Path Dependency in Scala

Question

  trait B {
    type MyInnerType
    def foo: MyInnerType
  }      
  object B1 extends B {
    type MyInnerType = Double
    val foo = 3.0
  }

  trait A {
    type MyInnerType
    val b: B
    def foo(x: b.MyInnerType): MyInnerType
    def bar(y: MyInnerType): Unit
  }
  object A1 extends A {
    type MyInnerType = Int
    val b = B1
    def foo(x: b.MyInnerType) = 1
    def bar(y: MyInnerType) {}
  }
  object A2 extends A {
    type MyInnerType = String
    val b = B1
    def foo(x: b.MyInnerType) = "a"
    def bar(y: MyInnerType) {}
  }

  val as = Seq(A1, A2)
  as foreach { a => a.bar(a.foo(a.b.foo)) }   // wrong, a.foo(a.b.foo) infers to Any

However, if a.foo does not take parameters, everything works perfectly and a.foo infers to a.MyInnerType.

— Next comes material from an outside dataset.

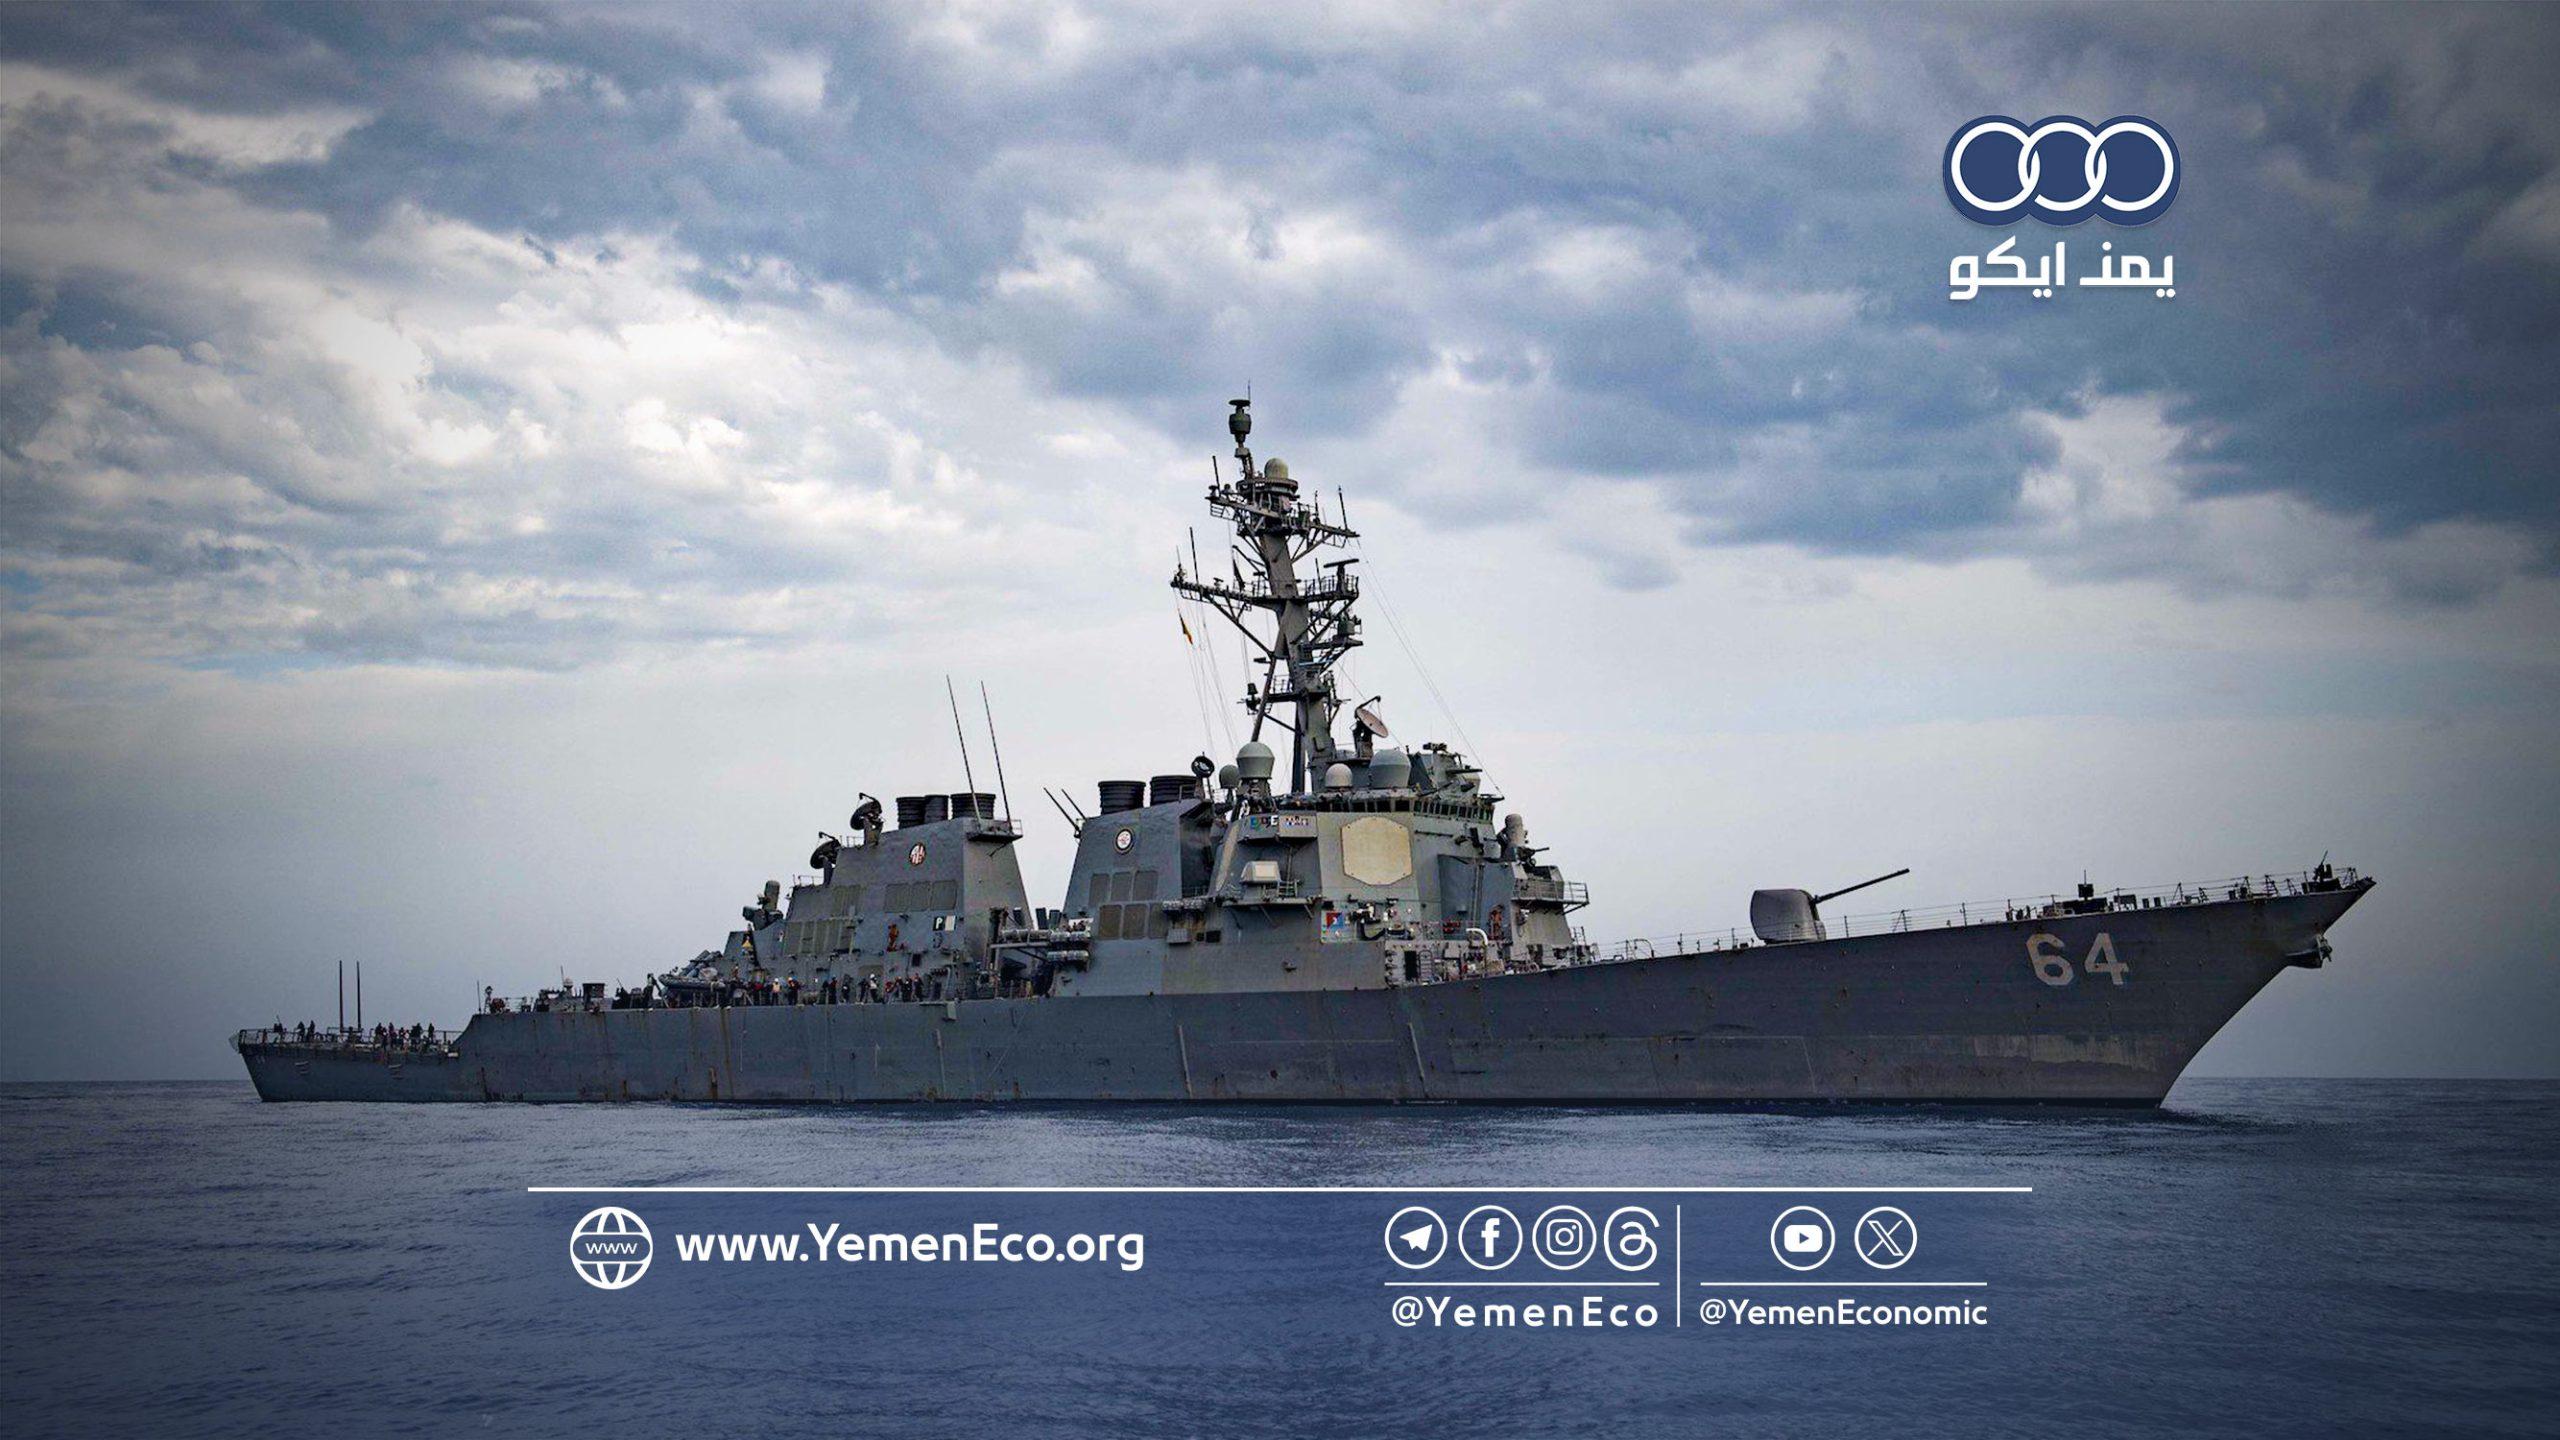 إسرائيل تعترف بإصابة سفينة مملوكة لها في البحر الأحمر والبنتاغون يتحدث عن صاروخ باليستي يمني
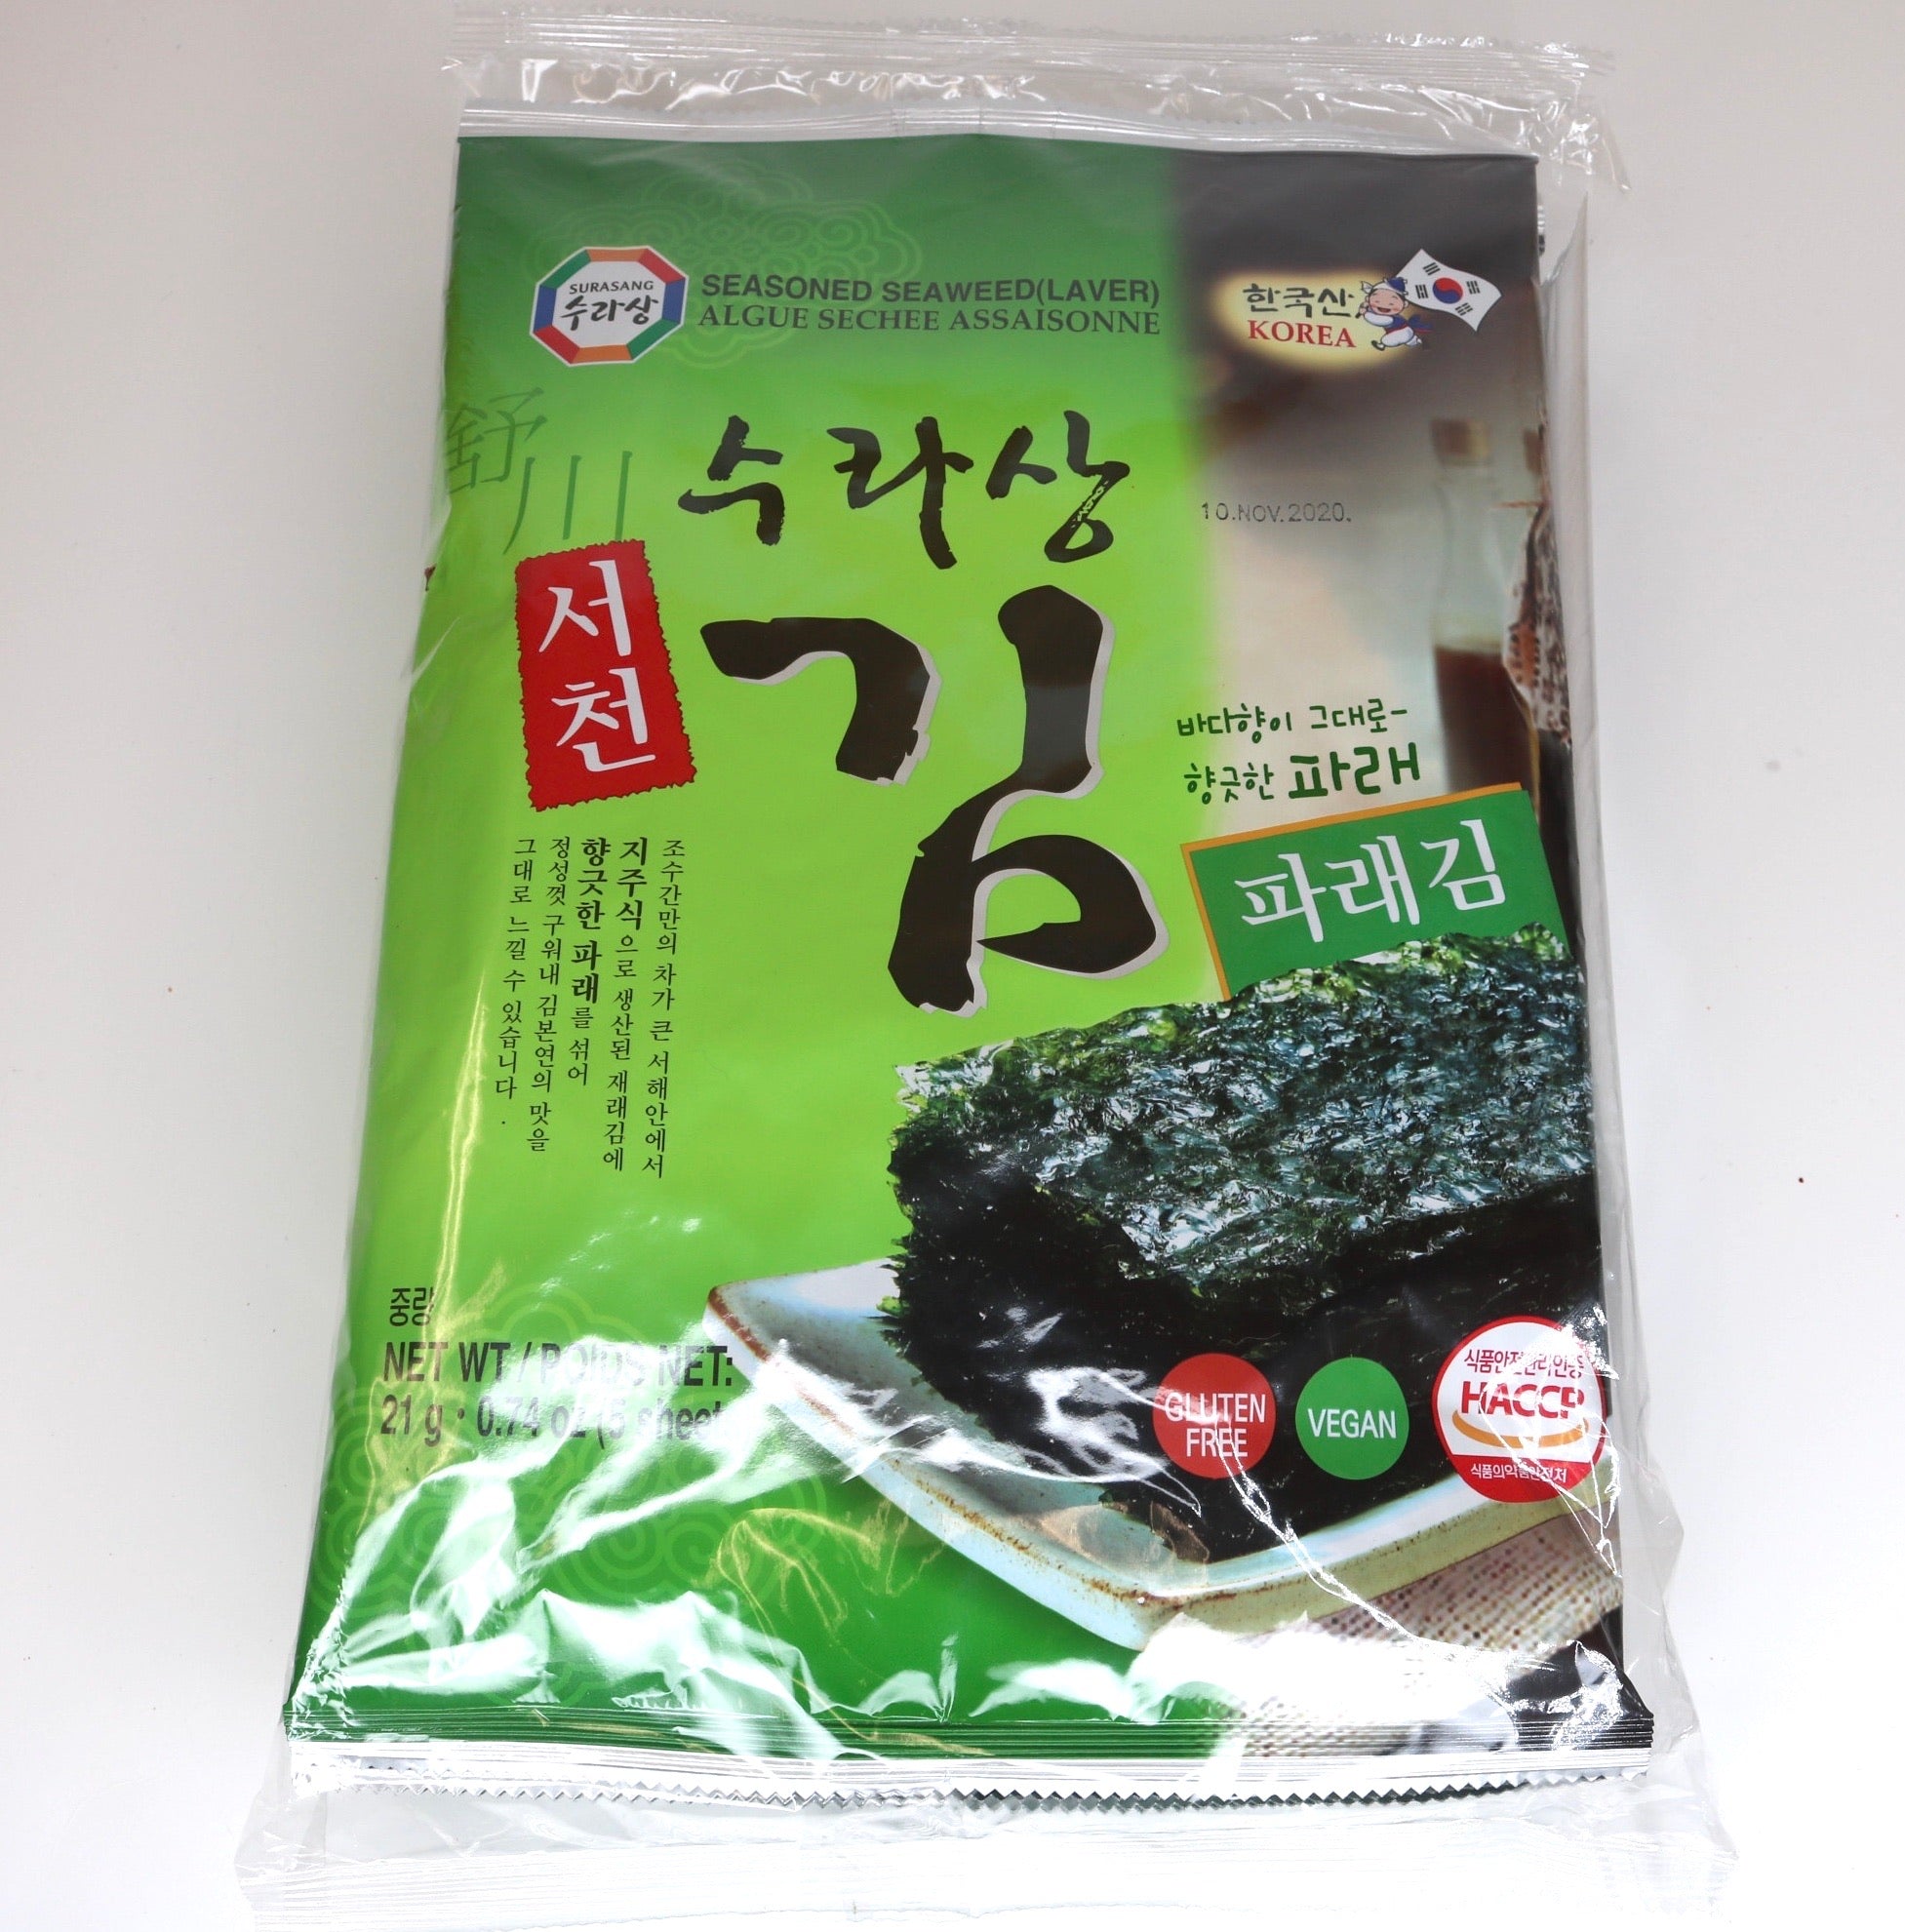 Surasang Seasoned Seaweed (Laver)(5 hojas por paquete x 4) - 21g/0.74oz x 4

It also works if I cast .asInstanceOf[a.MyInnerType]. Any explanations?

Answer 1

I'm running scala 2.9.1 and on the REPL I get this for as:

scala> val as = Seq(A1, A2)
as: Seq[ScalaObject with A{def foo(x: Double): Any; val b: B1.type; type MyInnerType >: java.lang.String with Int}] = List(A1$@6da13047, A2$@7168bd8b)

However, when I change it to val as:Seq[A] = Seq(A1, A2) I get:

scala> val as:Seq[A] = Seq(A1, A2)
as: Seq[A] = List(A1$@6da13047, A2$@7168bd8b)

scala> as foreach { a => a.bar(a.foo(a.b.foo)) }

Sometimes (all the time) scala has trouble inferring types, so you have to annotate what you want. I go to the REPL often to find out what's really going on.